CHEAP THRILLS Times Square is one of the films in the Harvard Film Archive series capturing the punk sound, scene, and DIY aesthetic. |
"We are going to do everything ourselves, because we know better than them what we want," explains teenage grrrl-punk Nicky Marotta to a politician's shy daughter, Pamela Pearl, in the seminal 1980 punk film Times Square. The two are on a subway to gritty pre-Giuliani Midtown Manhattan after meeting in a psychiatric clinic, breaking out, and running away together, eventually starting punk band the Sleez Sisters.

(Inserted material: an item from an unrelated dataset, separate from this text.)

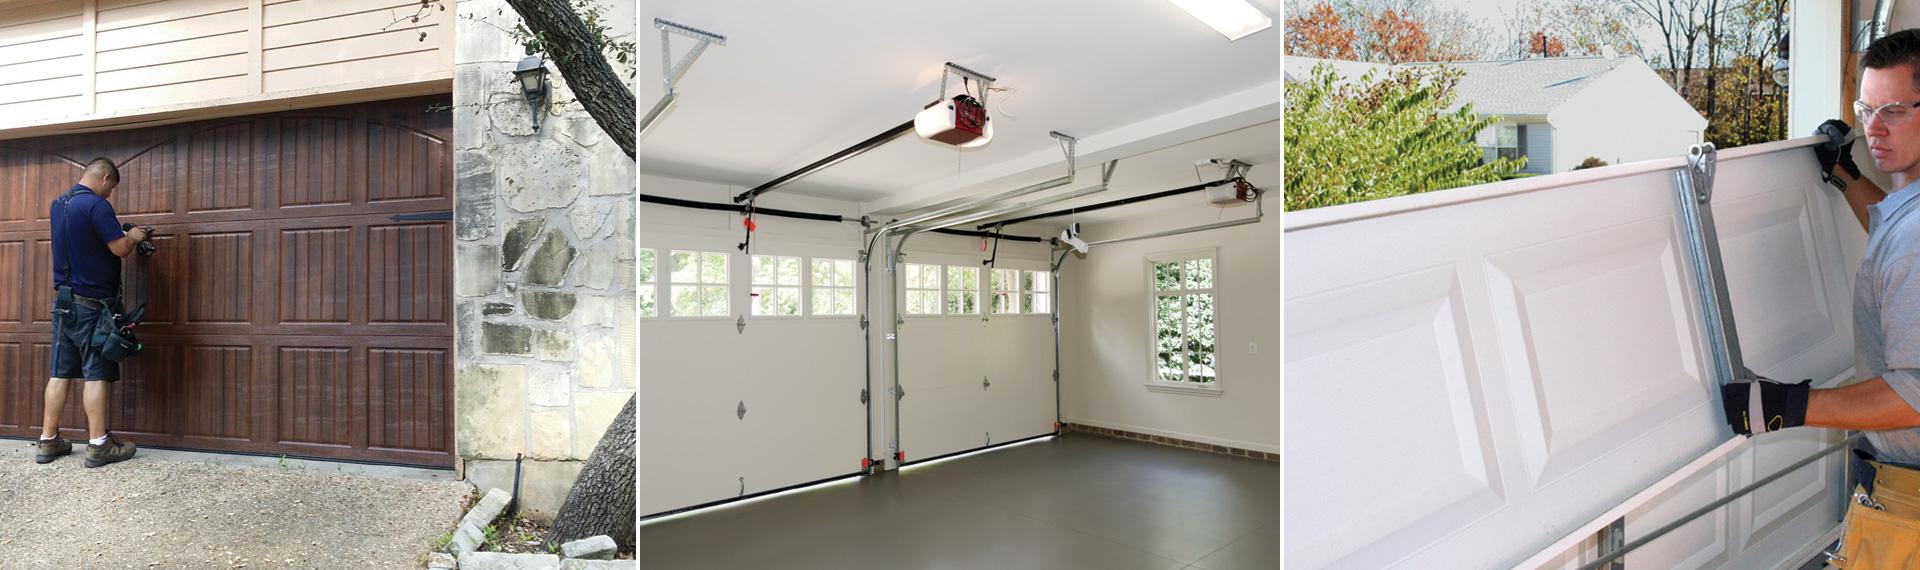 All Garage Door Services Aldan PA

In one line, the rebellious lead summarizes not only the duo's anti-establishment goals, but the ethos driving '70s punk culture entirely: the fuck-it-all music, sliced-and-pinned clothes, self-published literature, and — as the Harvard Film Archive's upcoming "American Punk" series shows — DIY, homemade cinema.
Launching September 2, the series incorporates a range of budgets, genres, and iconoclastic voices, encompassing everything from Hollywood features (like Times Square and punk-rock zombie flick Return of the Living Dead) to rarer films from the '70s and '80s NYC and Los Angeles punk undergrounds — films that broke new ground for the super-punk concept of filming econo. It culminates on September 26 with a series of nine shorts in 85 minutes, "Radical Light: Alternative Film and Video in the San Francisco Bay Area," a portion of a larger program curated by the Pacific Film Archives. Other sections of “Radical Light” screen on September 24 and 28 at ArtsEmerson and MassArt, respectively.
The past year has seen a resurgence of interest in such anarchic pictures, with the April release of Blank City, documenting the 1970s No Wave scene in New York, and the October 2010 publication of the genre's first guidebook, Destroy All Movies!!! The Complete Guide to Punks on Film. HFA Programmer David Pendleton, who co-curated the series with conservator Liz Coffey, says that although punk films have always been influential, this series comes with a particular sense of urgency. "Looking back to the late '70s makes a certain amount of sense," Pendleton says, "given the economic difficulties of that time and how it fueled unrest and artistic innovation."
A broader picture of early coastal punk scenes is painted by documentaries. The New York–set The Blank Generation is a 1976 home-movie doc made by speed-induced Amos Poe and musician Ivan Kral, featuring live CBGB footage of Patti Smith, the Ramones, Television, and Talking Heads. The West Coast is covered by Penelope Spheeris's The Decline of Western Civilization, with footage of Black Flag, Circle Jerks, and the Germs, plus interviews exposing the most underground of '80s Hollywood's scuzzy clubs and apartments.
Fictional-narrative films are aggressively anti-conventional; highlights include No Skin Off My Ass (1991), Desperate Teenage Lovedolls (1984), and Suburbia — Spheeris's 1983 take on the scene documented in Decline. The black-and-white 16mm Skin, directed by Bruce LaBruce, follows the budding relationship and sexual encounters of two queer punks who meet in a park; it "responds to machismo within punk and complacency within gay male culture," explains Pendleton.